Obama calls NKorea nuke test ‘highly provocative’
U.S. intelligence officials say North Korea’s nuclear test yielded an explosion of “approximately several kilotons.”
In a statement Tuesday, the Office of the Director of National Intelligence said North Korea “probably conducted an underground nuclear explosion in the vicinity of P’unggye.” It said the explosion yield was “approximately several kilotons” and that analysis of the event is continuing.
South Korea’s Defense Ministry said it detected an estimated explosive yield of 6-7 kilotons.
The White House is calling North Korea’s latest nuclear test a “highly provocative act” that threatens U.S. security and international peace.
In a statement issued early Tuesday, President Barack Obama promises to “continue to take steps necessary to defend ourselves and our allies.” He also urges “swift and credible action by the international community.”
North Korea says it successfully detonated a miniaturized nuclear device at a northeastern test site Tuesday, defying U.N. Security Council orders to shut down atomic activity or face more sanctions and international isolation.
Obama says such efforts “do not make North Korea more secure.” Instead, he says, North Korea has “increasingly isolated and impoverished its people through its ill-advised pursuit of weapons of mass destruction.”

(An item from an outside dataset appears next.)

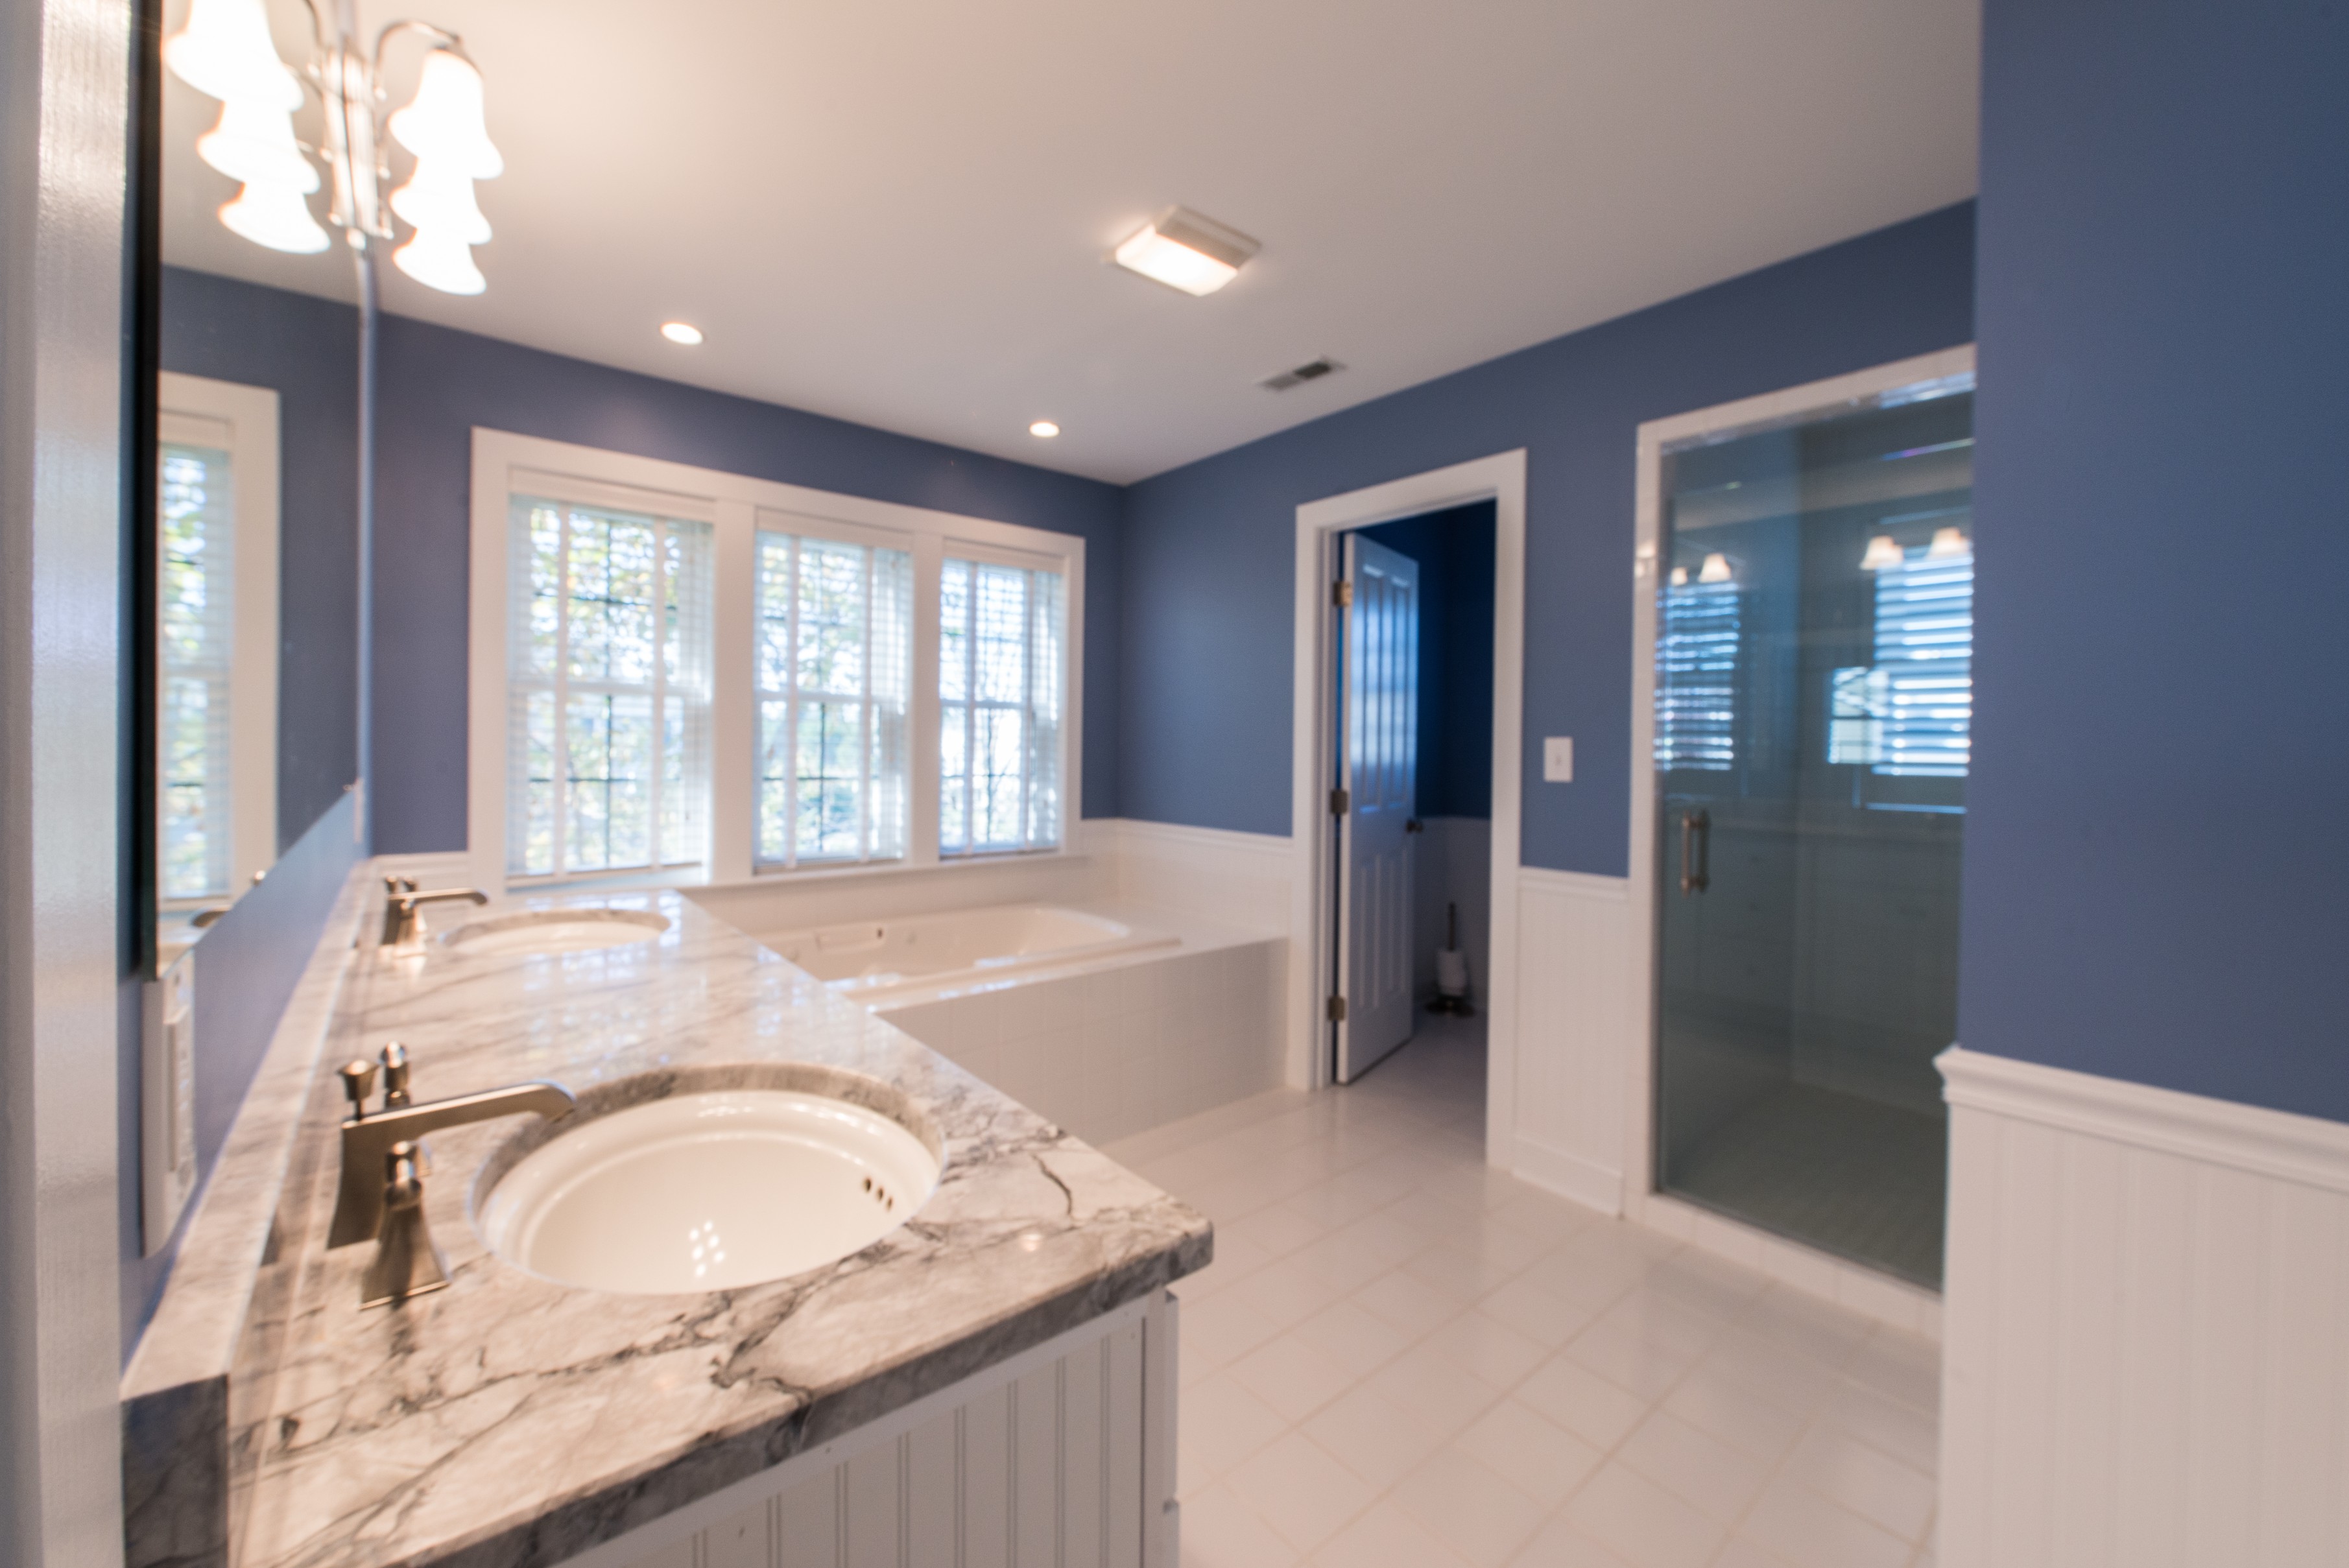 Bathroom Remodel in Ocean Ridge, Bethany Beach DE with Purple Walls, Undermount Two Sinks and White Tile Floor

The U.N. Security Council is strongly condemning North Korea’s nuclear test and pledging further action.
A press statement approved by all 15 council members at an emergency meeting Tuesday morning says the test poses “a clear threat to international peace and security.”
The council points out that in a resolution it approved unanimously last month stepping up sanctions for North Korea’s missile test in December it promised to take “significant action” in the event of a new nuclear test.

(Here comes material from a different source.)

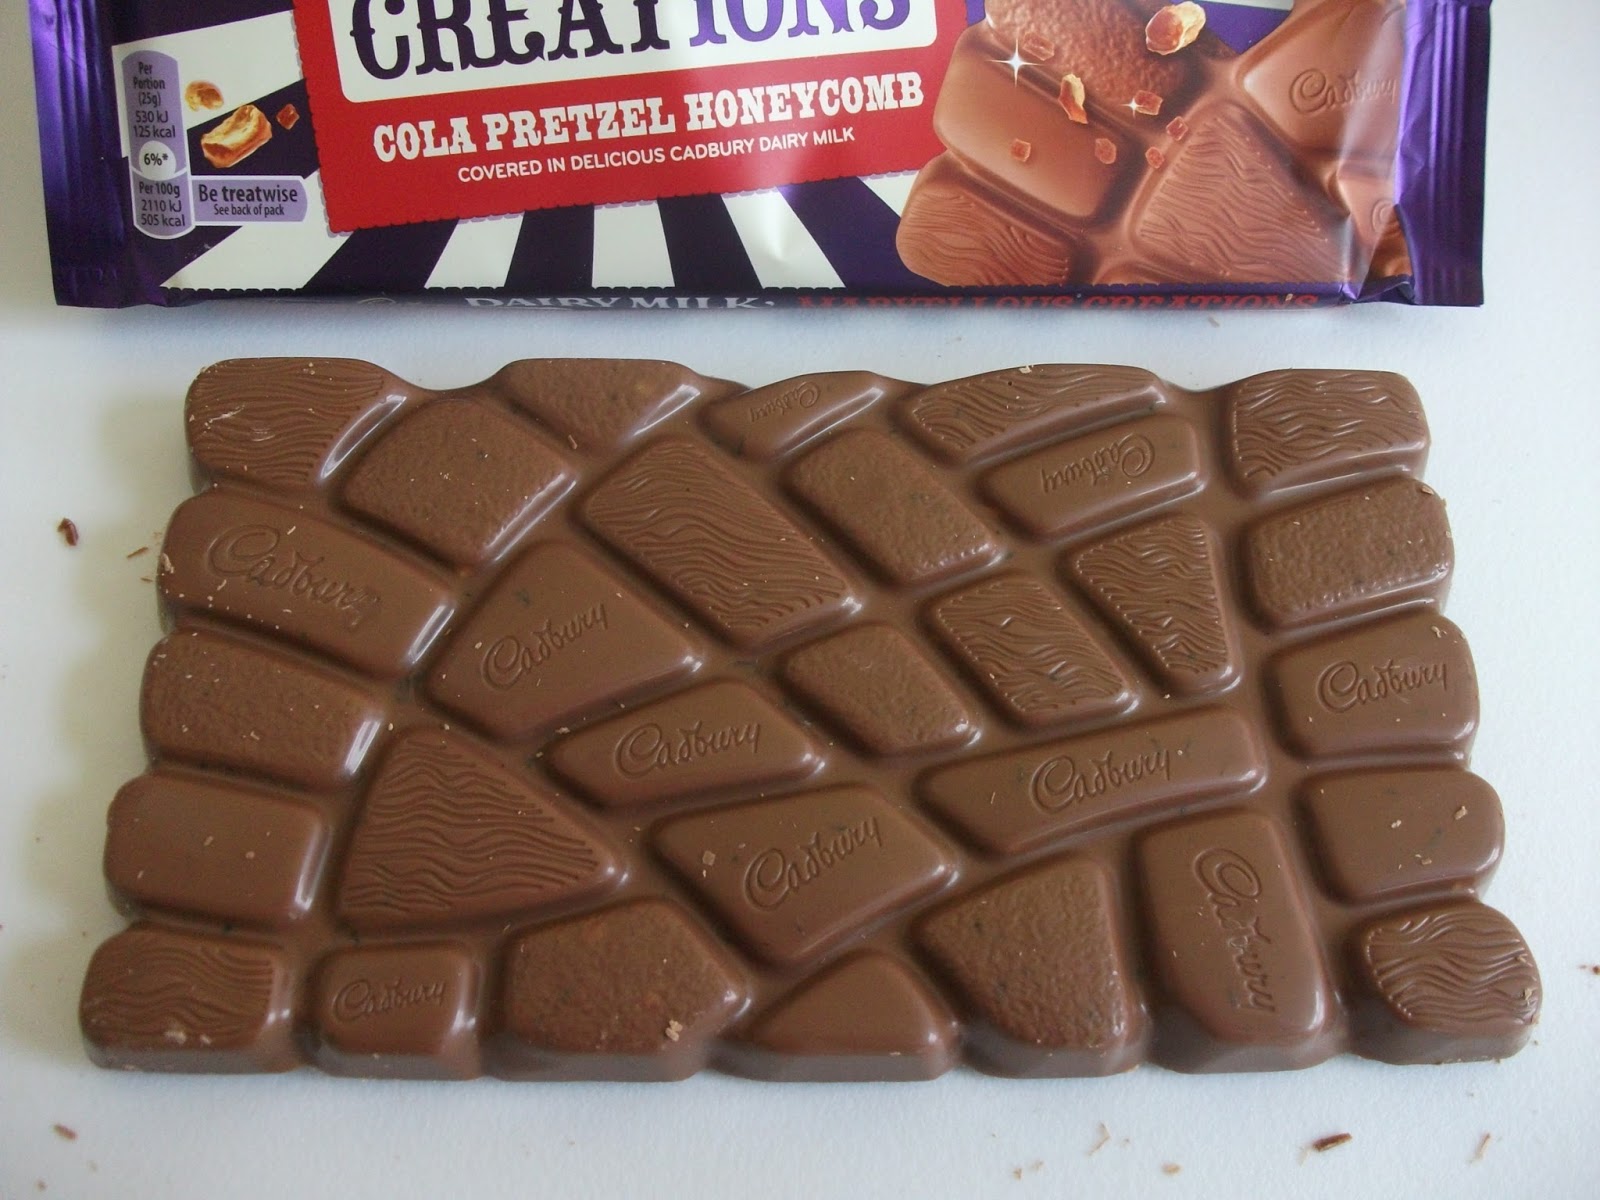 Candy dreams do come true: New Cadbury chocolate doesn't melt

“In line with this commitment and the gravity of this violation, the members of the Security Council will begin work immediately on appropriate measures in a Security Council resolution,” the council says.

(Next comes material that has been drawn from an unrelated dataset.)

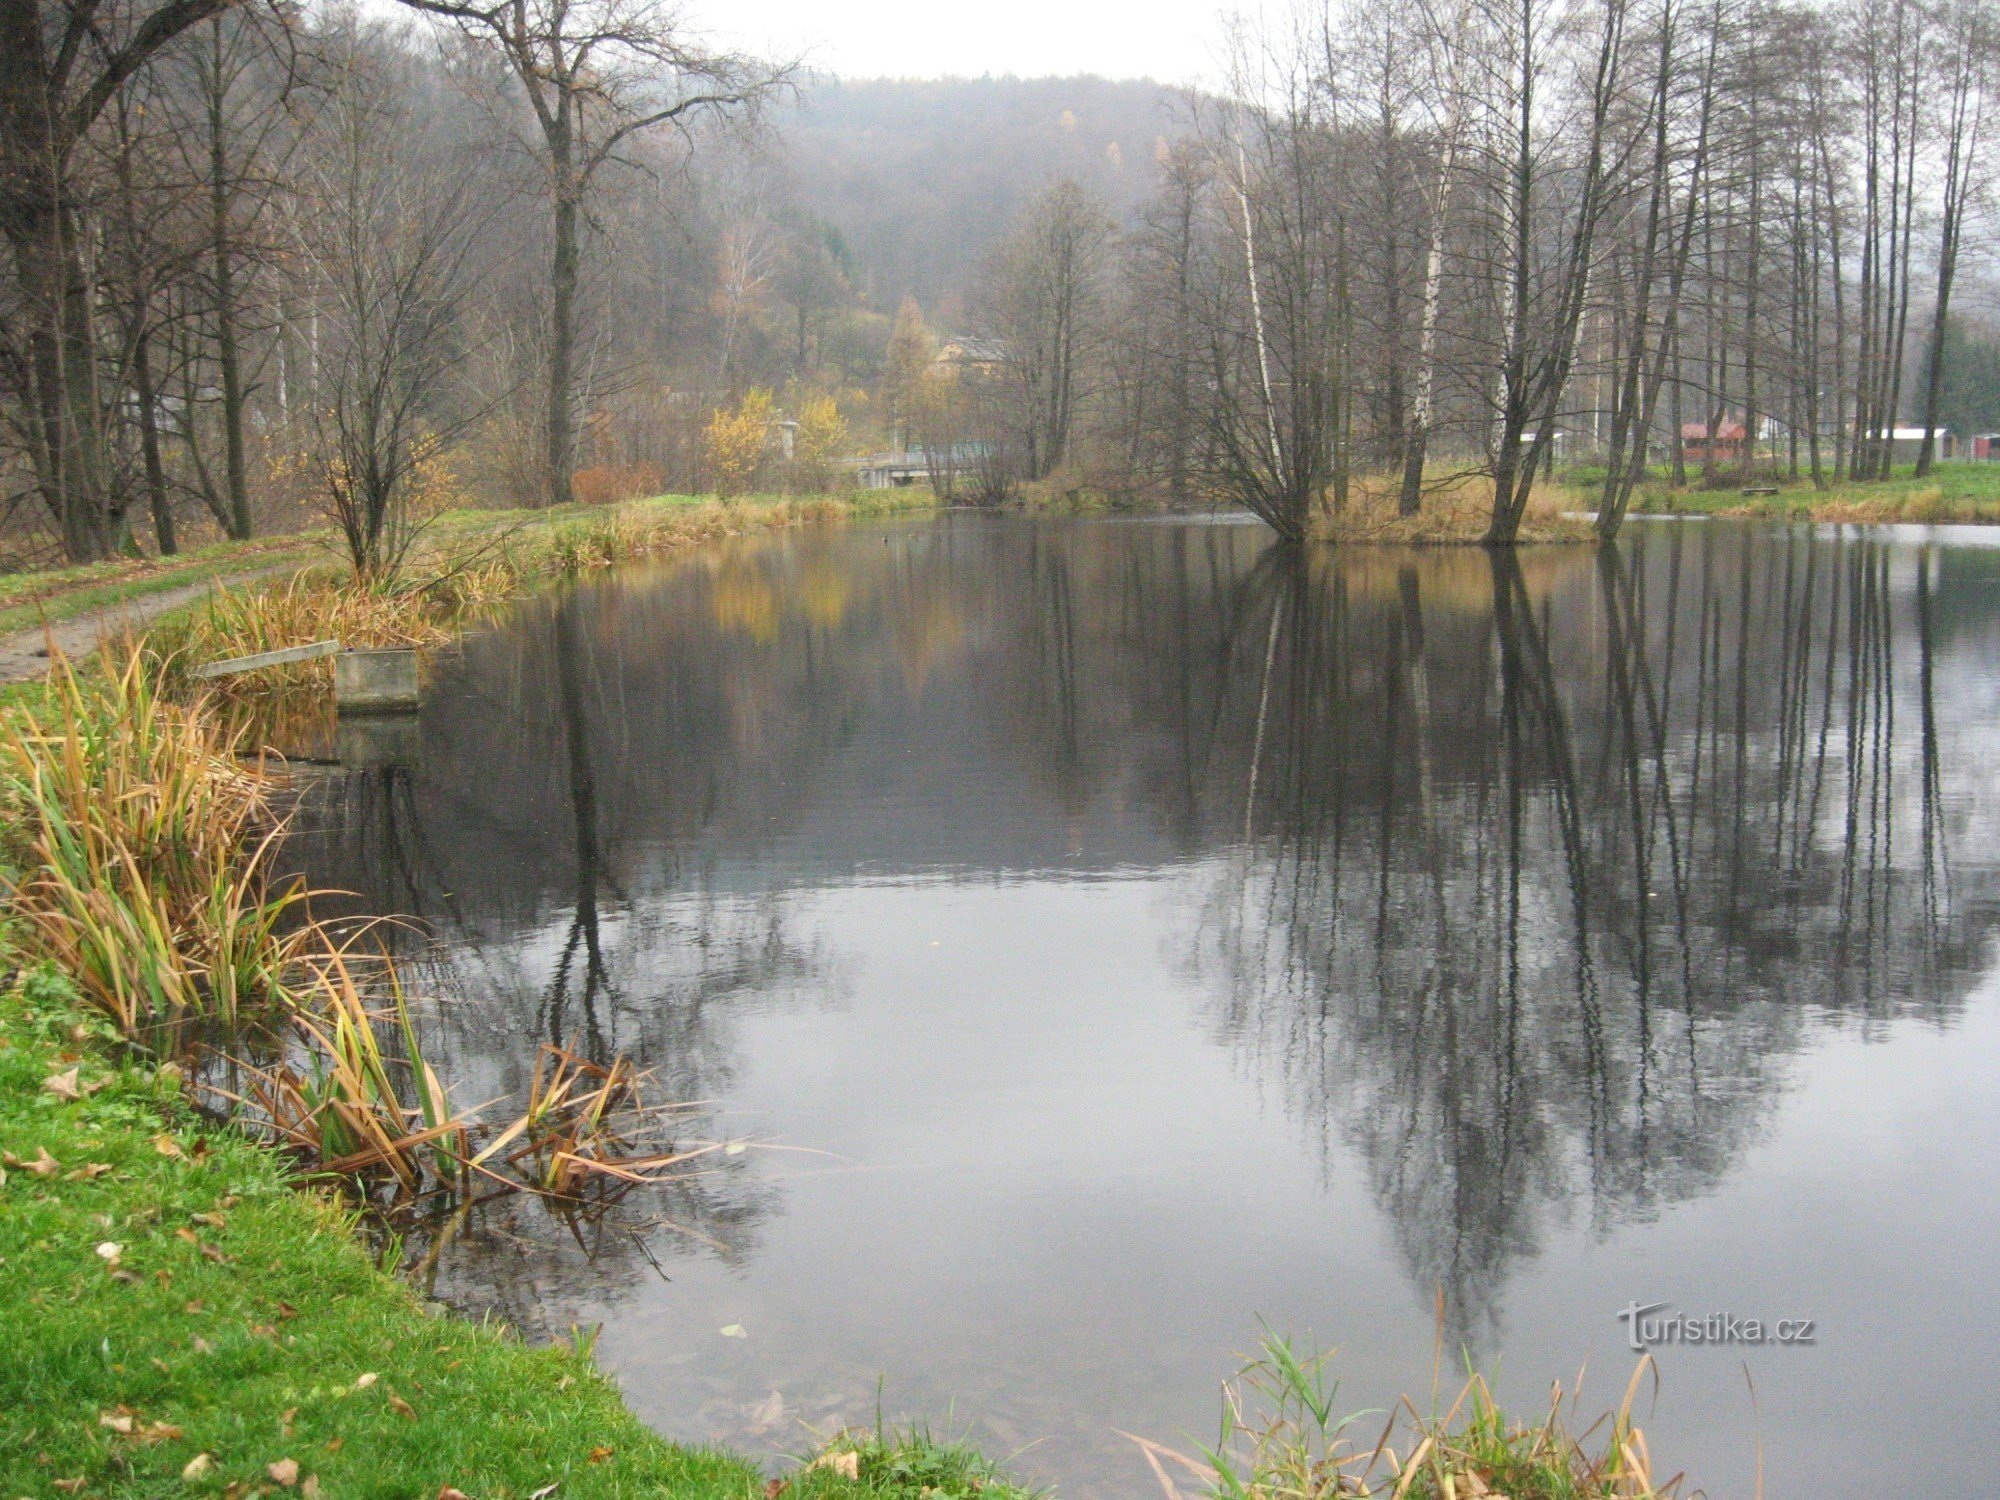 Visit to the Vízmberk estate in 2008

North Korea conducted its third nuclear test Tuesday, the latest step in a years-long effort to develop nuclear weapons. Experts believe the country remains far from having a nuclear-armed missile that could threaten the United States, which would require an accurate long-range rocket and a nuclear warhead that could be mounted on it. Here is a look at North Korea’s progress so far:
- Rocket Launch (August): This early launch gets the world’s attention, because it goes well beyond North Korea’s known capability. The rocket, which hurtles over Japan, has an estimated potential range of 1,550 miles (2,500 kilometers), but accuracy is reportedly poor with no meaningful strike capability.
- Rocket Launch (July): A three-stage rocket with a potential range of 4,100 miles (6,700 kilometers) fizzles soon after liftoff, the U.S. and South Korea say. North Korea has never acknowledged the launch.
- Nuclear Test (October): North Korea detonates a nuclear device for the first time, but the yield is a very low 0.5 to 1 kiloton.
- Rocket Launch (April): This launch is a partial success, with two of the three stages pushing the rocket out over the Pacific. The third stage fails, and, despite North Korea’s claims of success, no satellite is put into orbit, the U.S. says. The rocket dubbed Unha-2 represents a significant advancement over previous rockets, according to experts.
- Nuclear Test (May): Second detonation of a nuclear device is a partial success with a larger yield of 2 to 6 kilotons, but still below the 10 kilotons that experts consider a successful blast.
- Rocket Launch (April 2012): Launch of Unha-3 rocket, with a potential range of 6,200 miles (10,000 km), ends in embarrassing failure, splintering into pieces over the Yellow Sea soon after takeoff. Hours later, the country acknowledges the satellite failed to enter orbit in an announcement on state TV.
- Rocket Launch (December 2012): This time, the rocket succeeds in launching a satellite into space. Its range, though questioned by some experts, in theory puts the U.S. West Coast, Hawaii, Australia and eastern Europe within striking distance.
- Nuclear Test (February 2013): North Korea says it detonates a miniaturized nuclear device. If true, this would be an advance, as North Korea needs to master the technology to make a nuclear device small enough to mount on a missile. Early estimates put the yield at 6 to 7 kilotons, but that has yet to be confirmed.